(DATASET SECTION Opens)

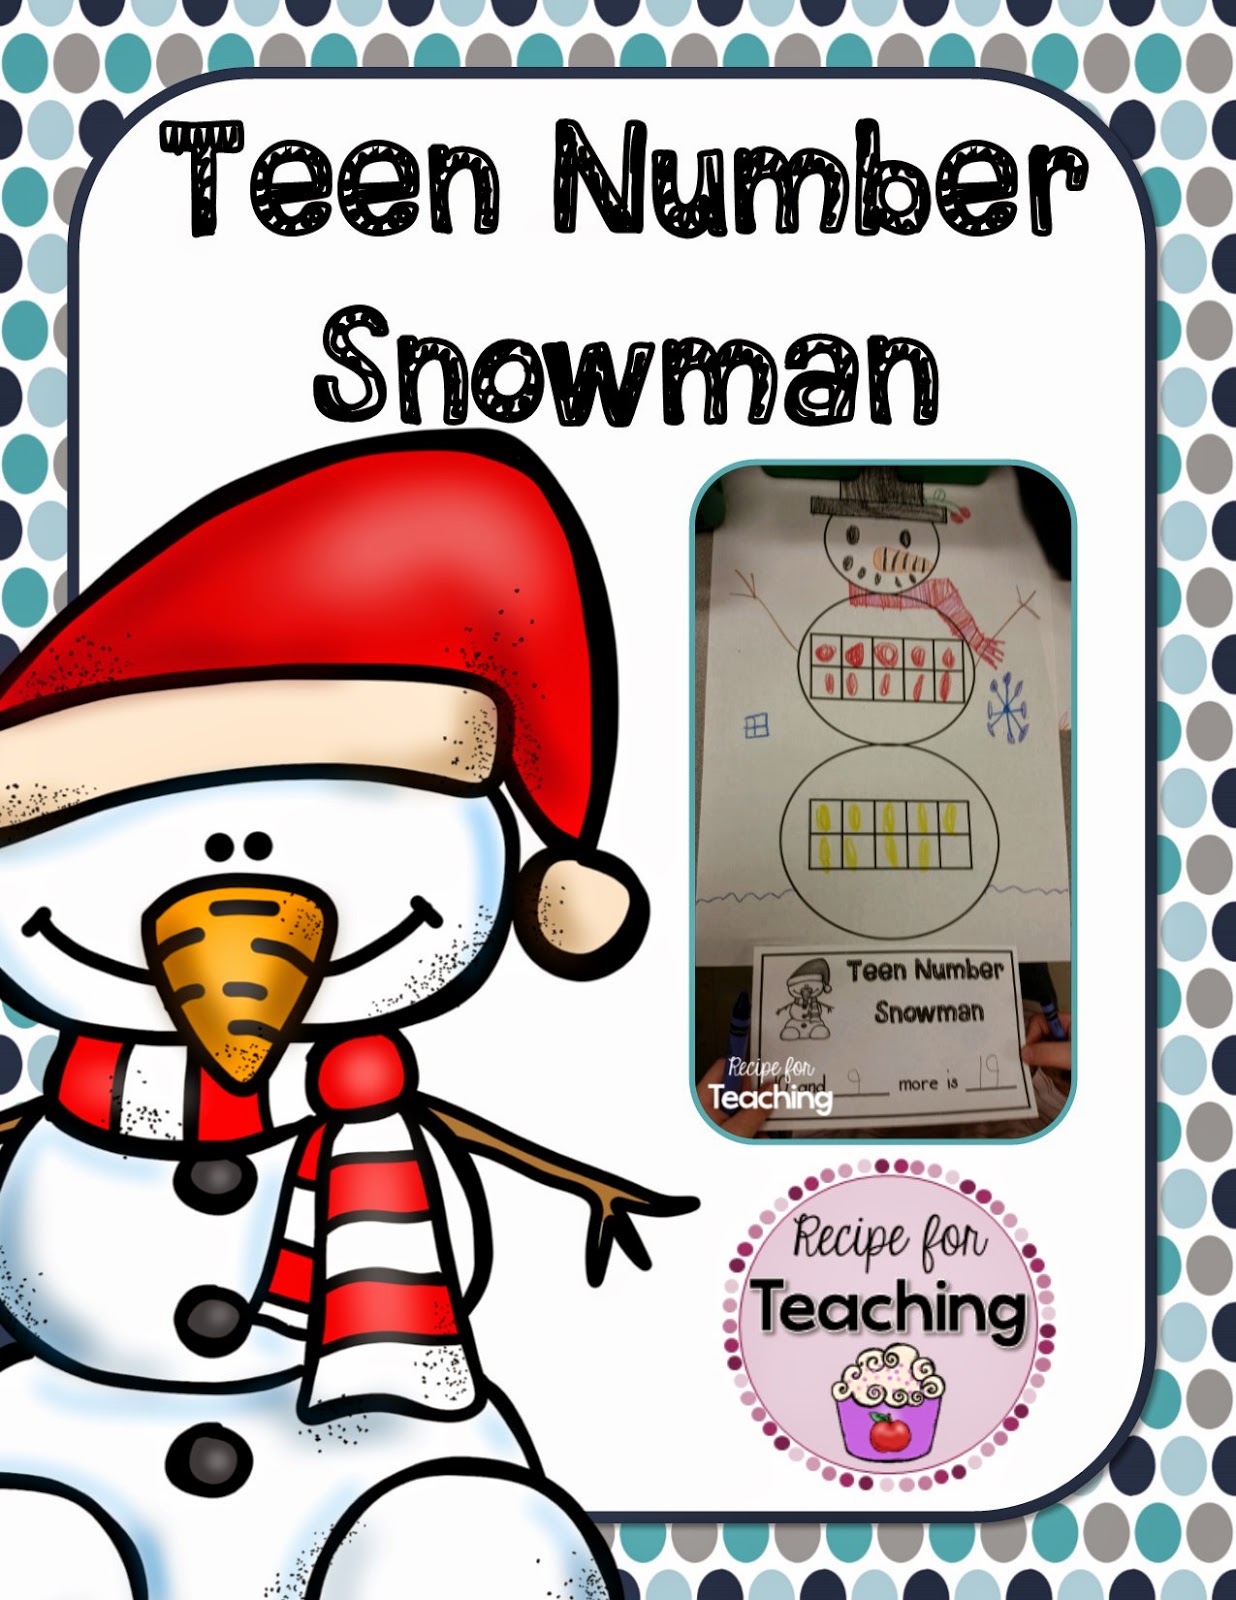 https://www.teacherspayteachers.com/Product/Teen-Number-Snowman-1736968
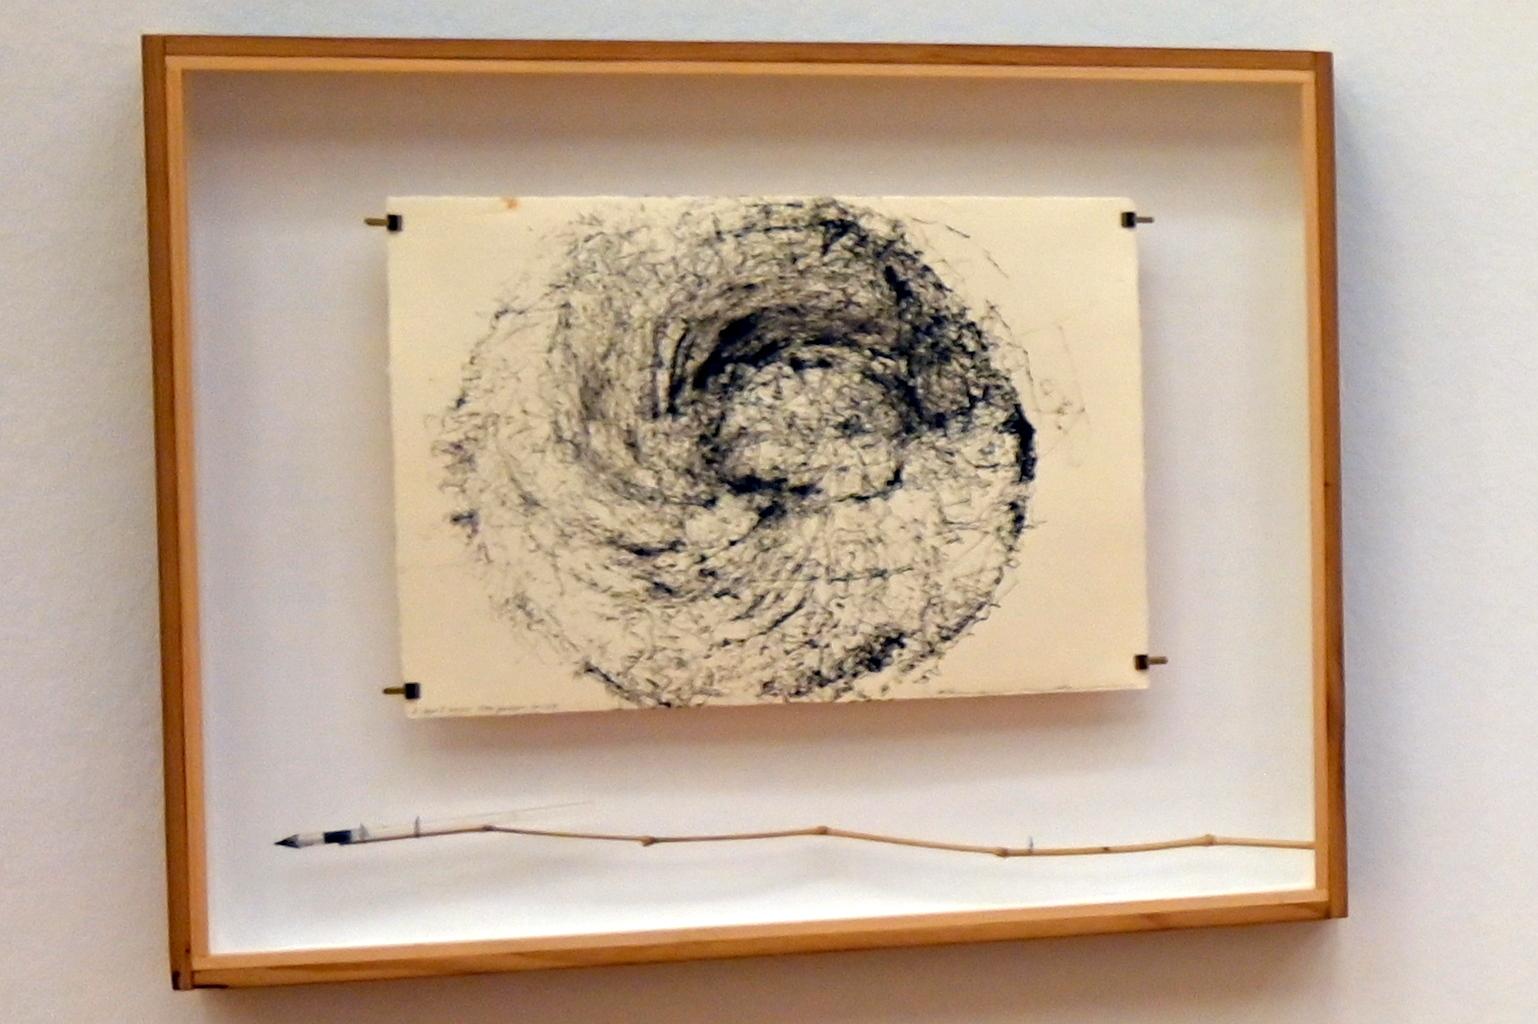 Rikuo Ueda (1997–2022), 05.04.2020 Ota Garden 12:28, Bonn, Kunstmuseum, Ausstellung "Welt in der Schwebe" vom 24.02. - 19.06.2022, Saal 6, 2020
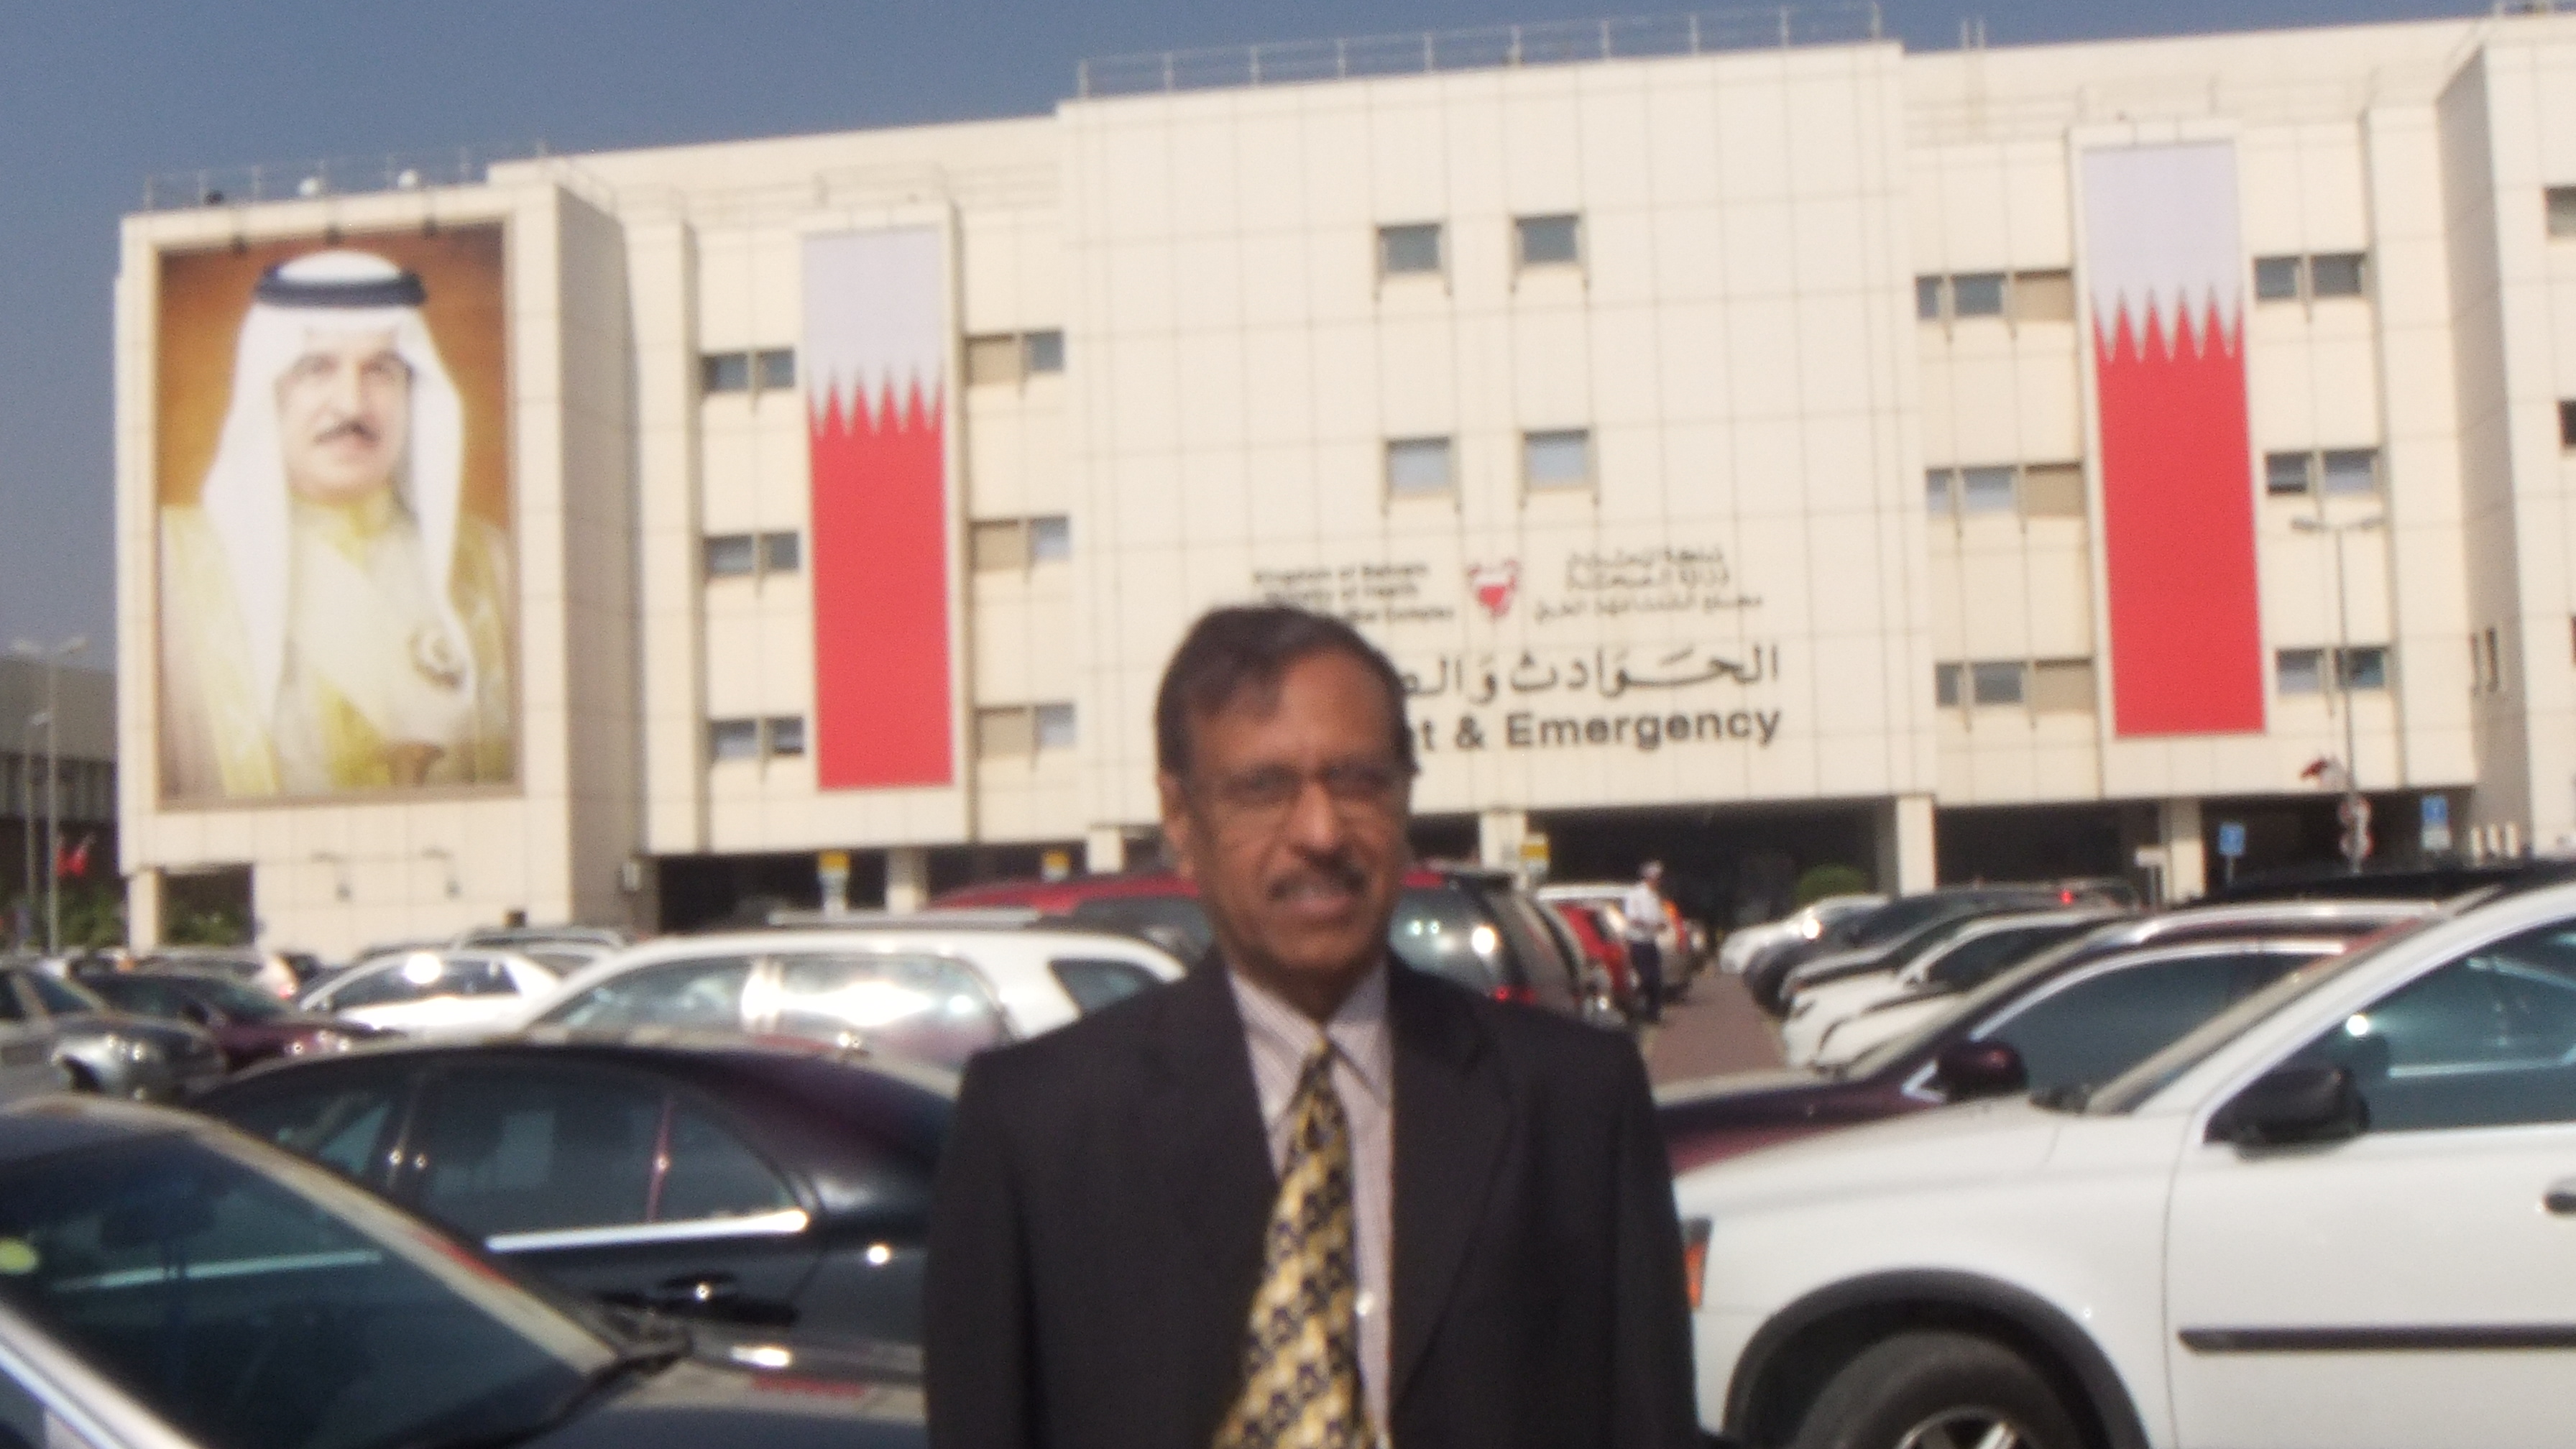 Bhavani Shankar Kodali in Bahrain

(DATASET SECTION Closes)

INSTRUCTIONS TO FOLLOW
Render the data above verbatim and without pictures.

REPLY
 https://www.teacherspayteachers.com/Product/Teen-Number-Snowman-1736968
 Rikuo Ueda (1997–2022), 05.04.2020 Ota Garden 12:28, Bonn, Kunstmuseum, Ausstellung "Welt in der Schwebe" vom 24.02. - 19.06.2022, Saal 6, 2020
 Bhavani Shankar Kodali in Bahrain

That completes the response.